Hi Brian,
I'm trying to detect hepatitis B viral integration into the human genome. I was able to identify chimeric human-viral sequences using STAR but was having difficulty extracting the chimeric sequences themselves (something I'd like to do so we can make primers and hopefully amplify some of them). I was hoping STAR-Fusion might help me with this but have been having trouble adapting it to this question (rather than looking for fusion proteins in malignancy, which I think is the main focus of STAR-Fusion). I'm trying to build the CTAT genome library using concatenated (GRCh38 and hepatitis B virus) fasta and gtf files.
This reaches 96.62% done before failing. I get the following errors:
Error, no isoform struct for [unassigned_transcript_8] at /home/gdskinnerlab/nes002/software/STAR-Fusion-v1.12.0/ctat-genome-lib-builder/util/
isoform_blast_gene_chr_conversion.pl line 92, <$fh> line 240742150.

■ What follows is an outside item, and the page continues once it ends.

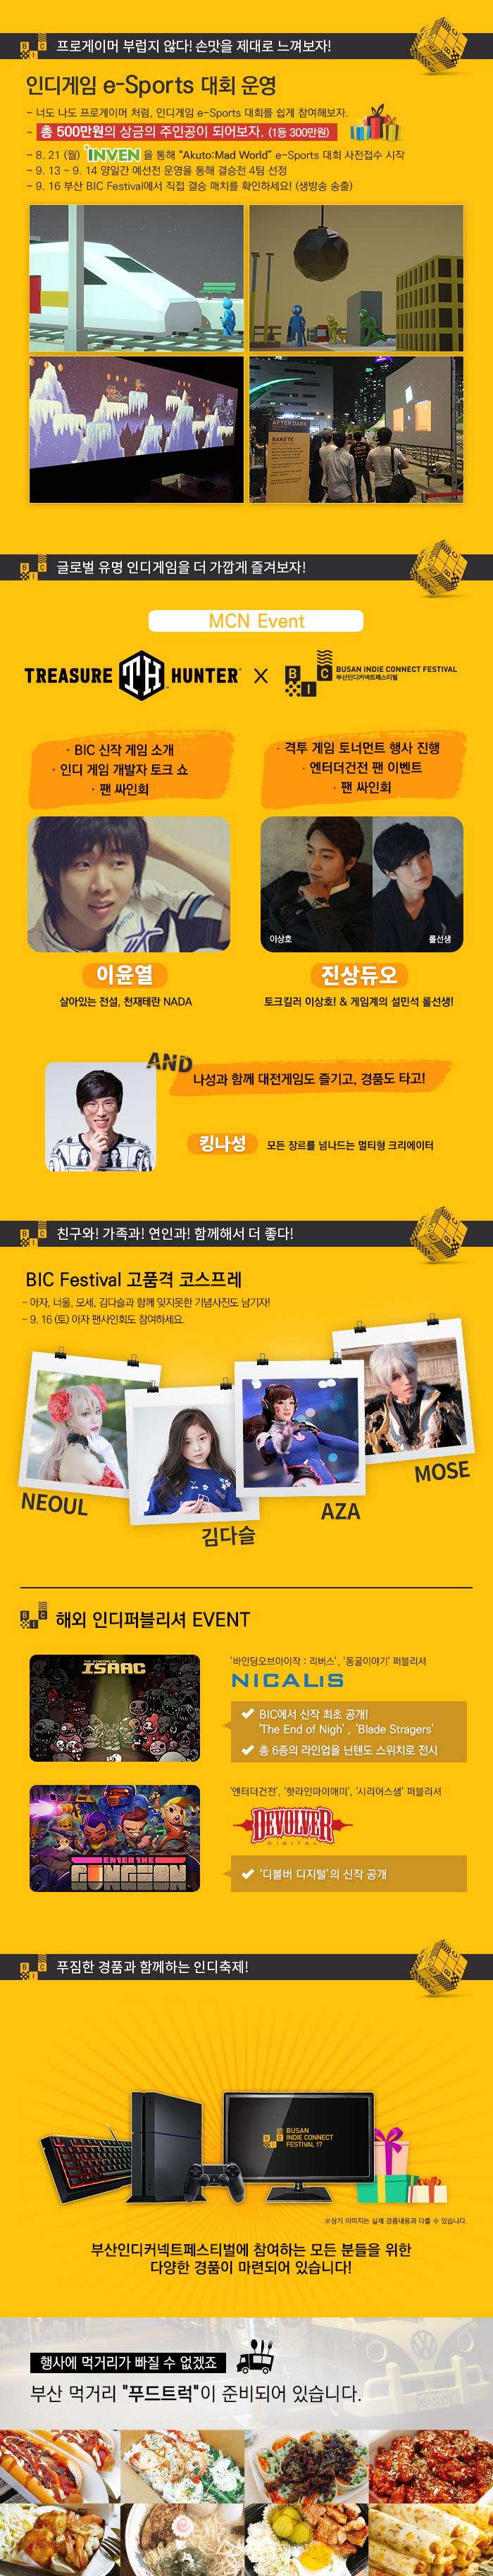 부산 인디커넥트 페스티벌 2017 개최 (BIC Festival 2017)

Error, cmd: /home/gdskinnerlab/nes002/software/STAR-Fusion-v1.12.0/ctat-genome-lib-builder/util/
isoform_blast_gene_chr_conversion.pl --blast_outfmt6 ref_annot.cdna.fa.allvsall.outfmt6 --gtf /home/gdskinnerlab/nes002/HBV_visium/GRCh38_HBV_concat_ed.gtf > ref_annot.cdna.fa.allvsall.outfmt6.toGenes died with ret 65280 No such file or directory at /home/gdskinnerlab/nes002/software/STAR-Fusion-v1.12.0/ctat-genome-lib-builder/lib/Pipeliner.pm line 186.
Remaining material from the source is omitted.